Restate the data below word for word, omitting pictures.

DATA SECTION -
★ ★ ★ ★ ★ ★ ★

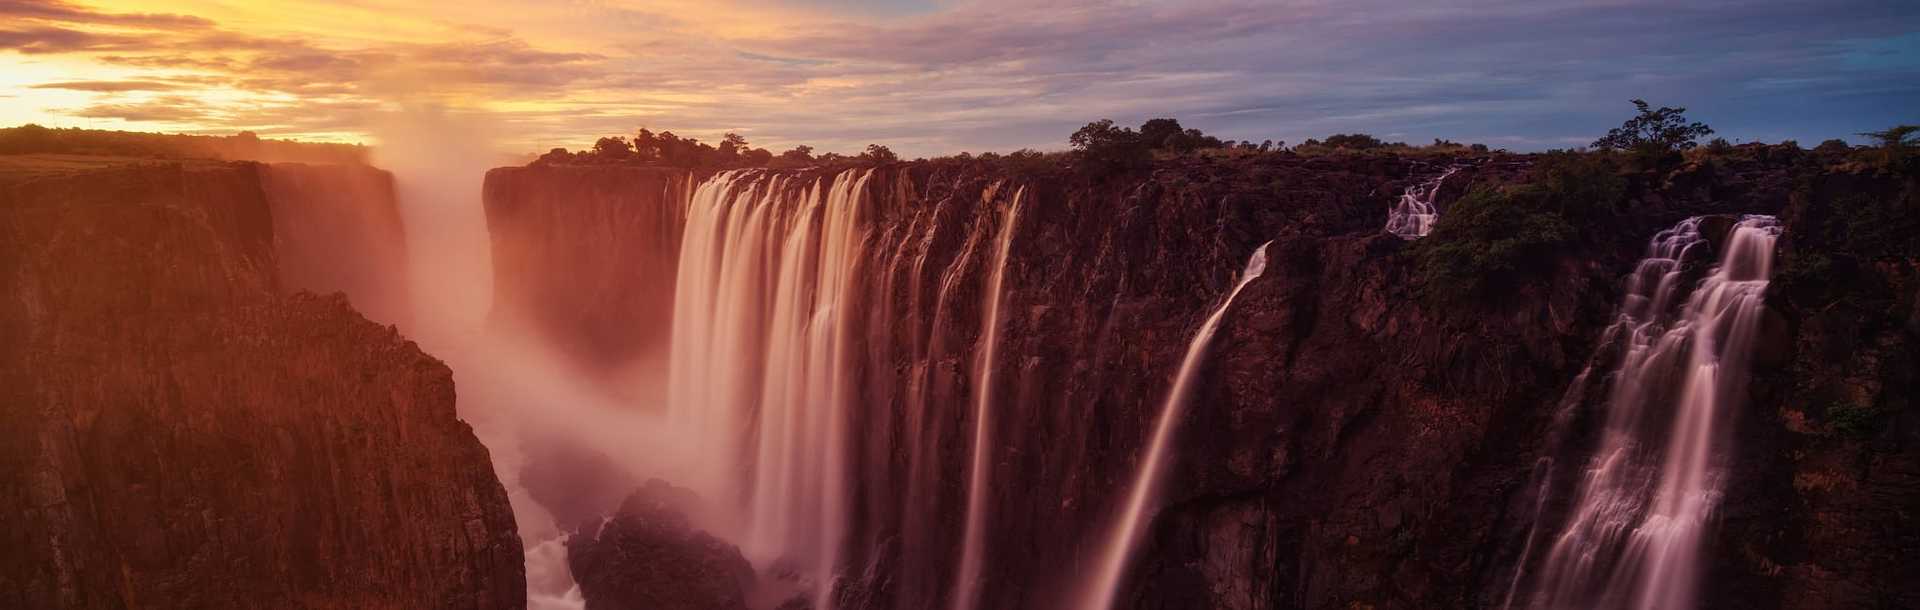 Victoria Falls at sunset in Zambia/Zimbabwe, Africa
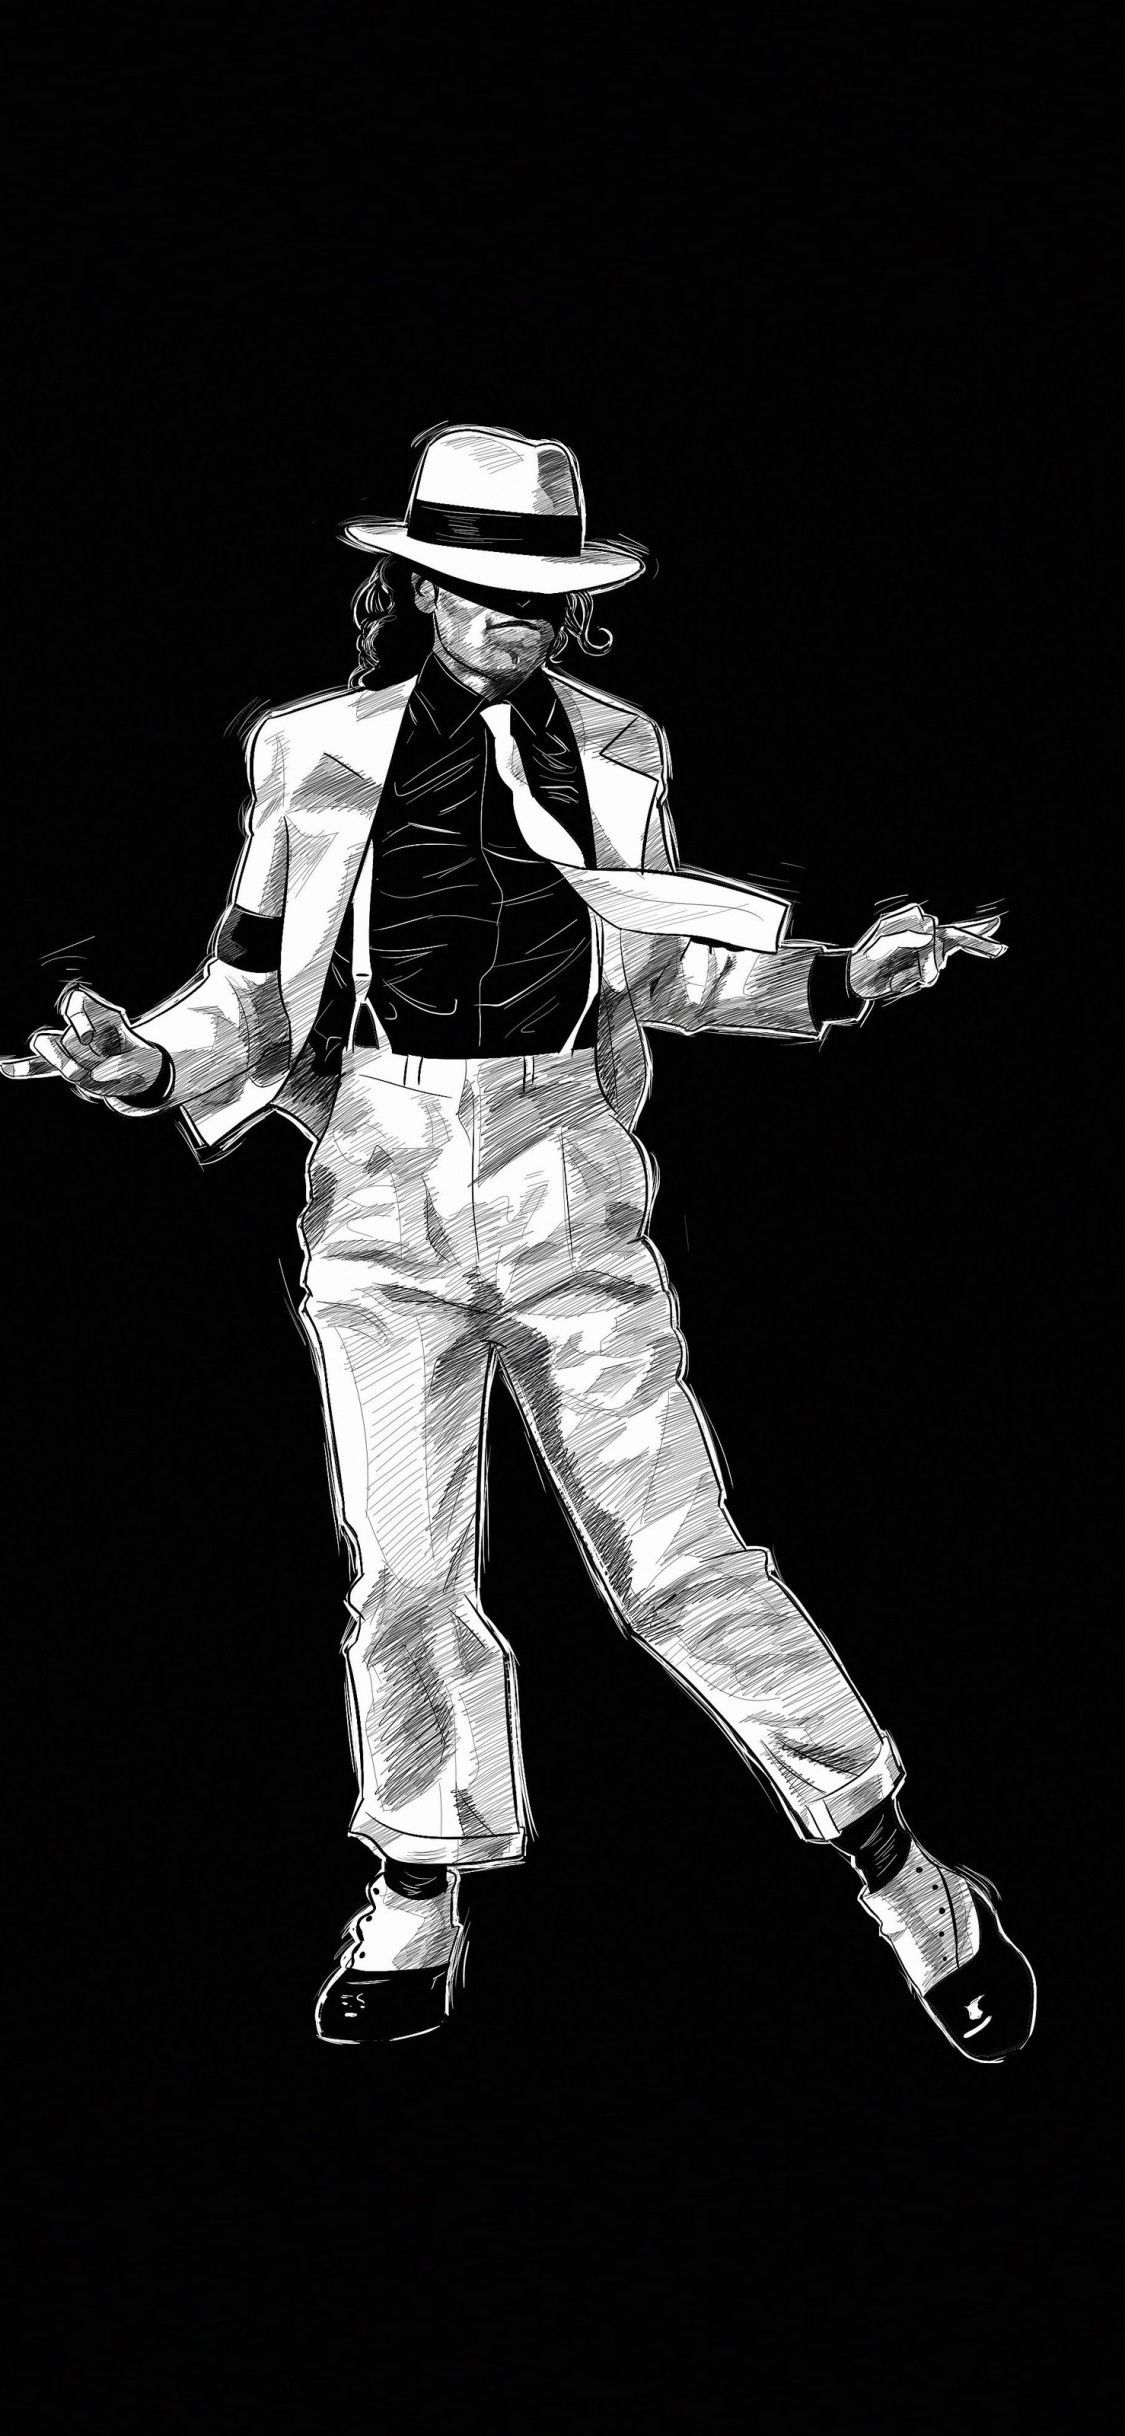 Michael Jackson, 1125x2436 wallpaper .com
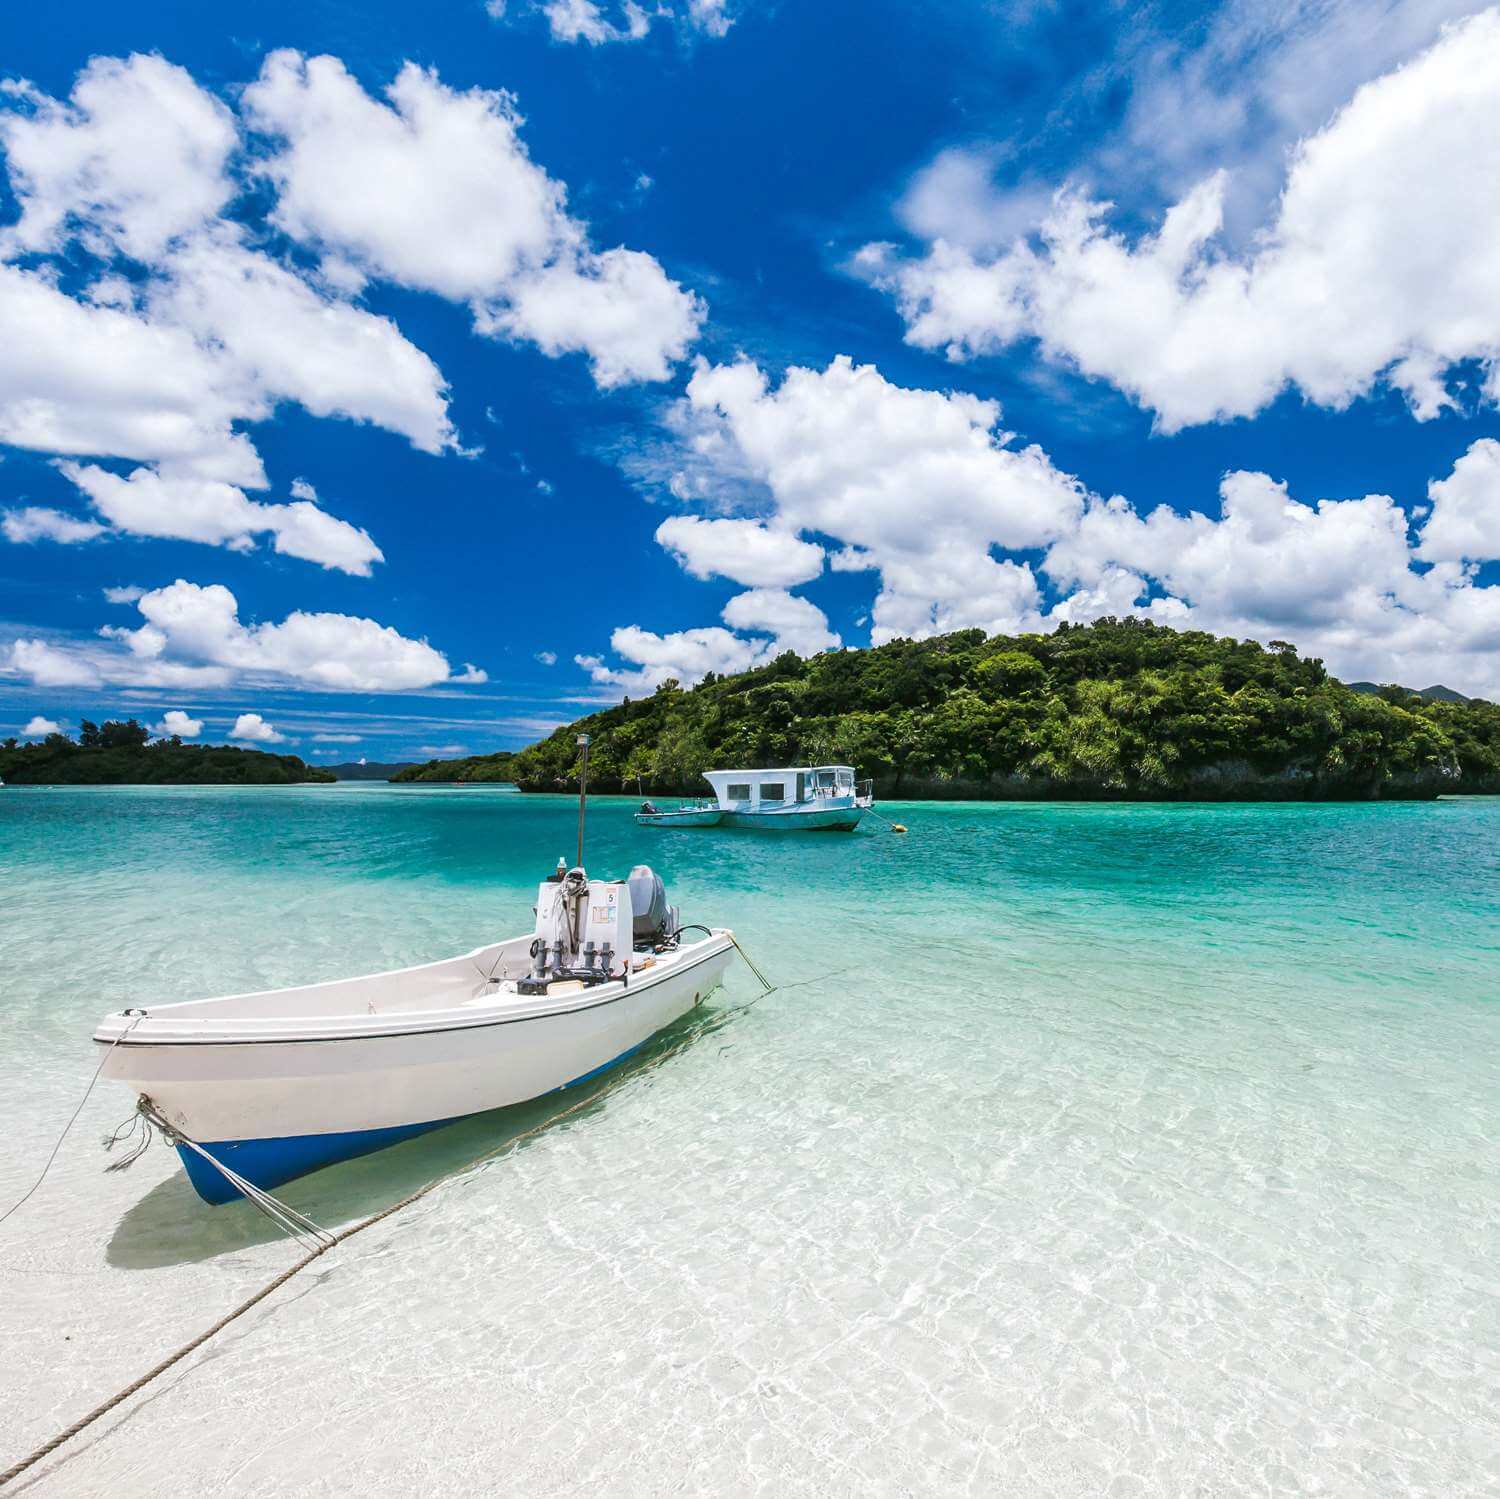 The Clear Sea of Ishigaki Island, Okinawa = Shutterstock
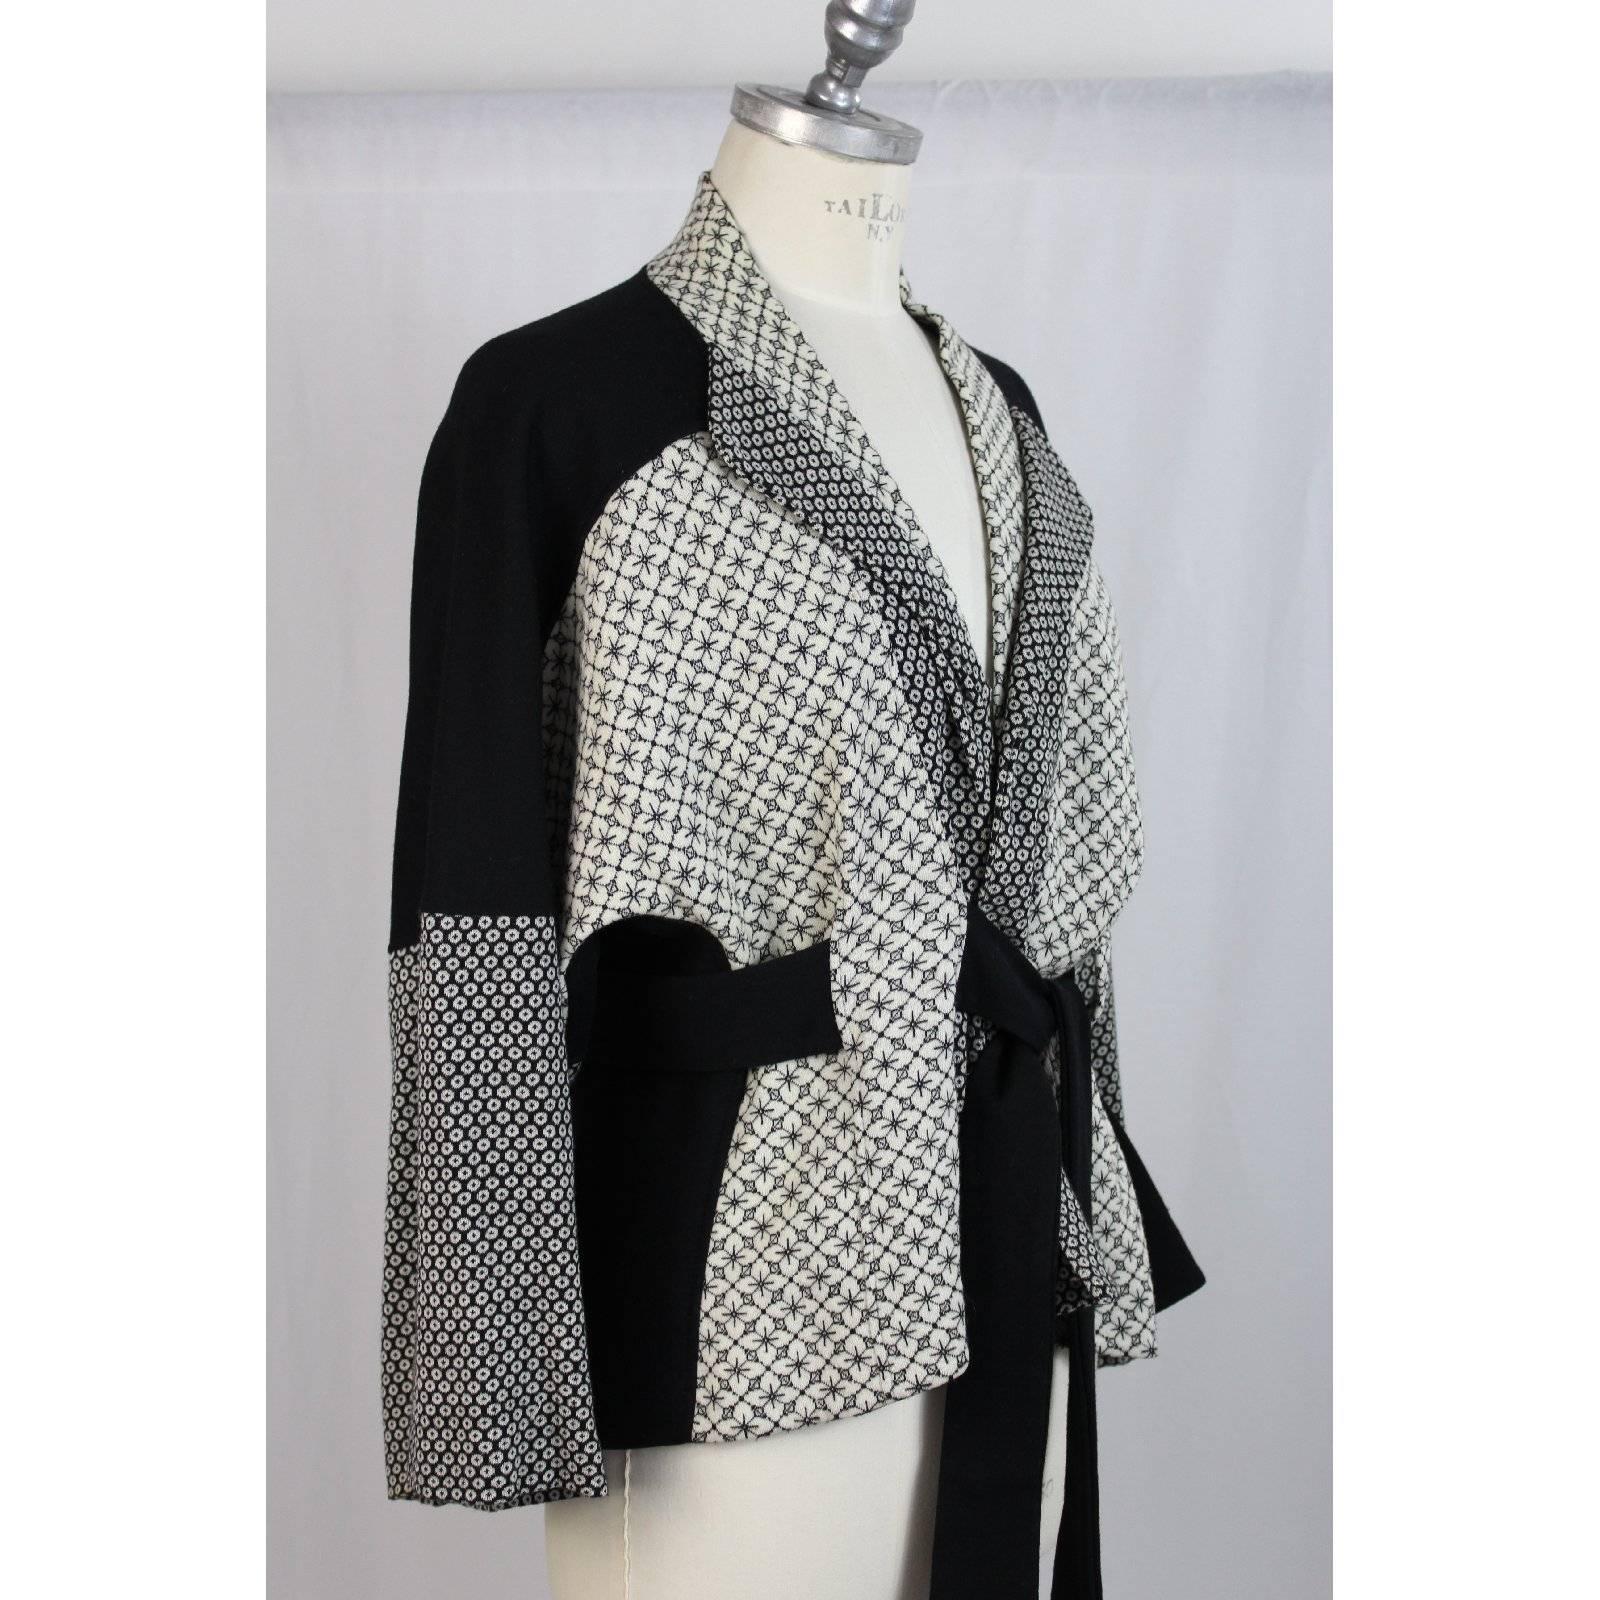 Kenzo black white wool sweater jacket kimono women’s size M made italy 1990s 1

★ ★ ★ ★ ★ ★ ★

ANSWER TO THIS TASK -
 Victoria Falls at sunset in Zambia/Zimbabwe, Africa
 Michael Jackson, 1125x2436 wallpaper .com
 The Clear Sea of Ishigaki Island, Okinawa = Shutterstock
 Kenzo black white wool sweater jacket kimono women’s size M made italy 1990s 1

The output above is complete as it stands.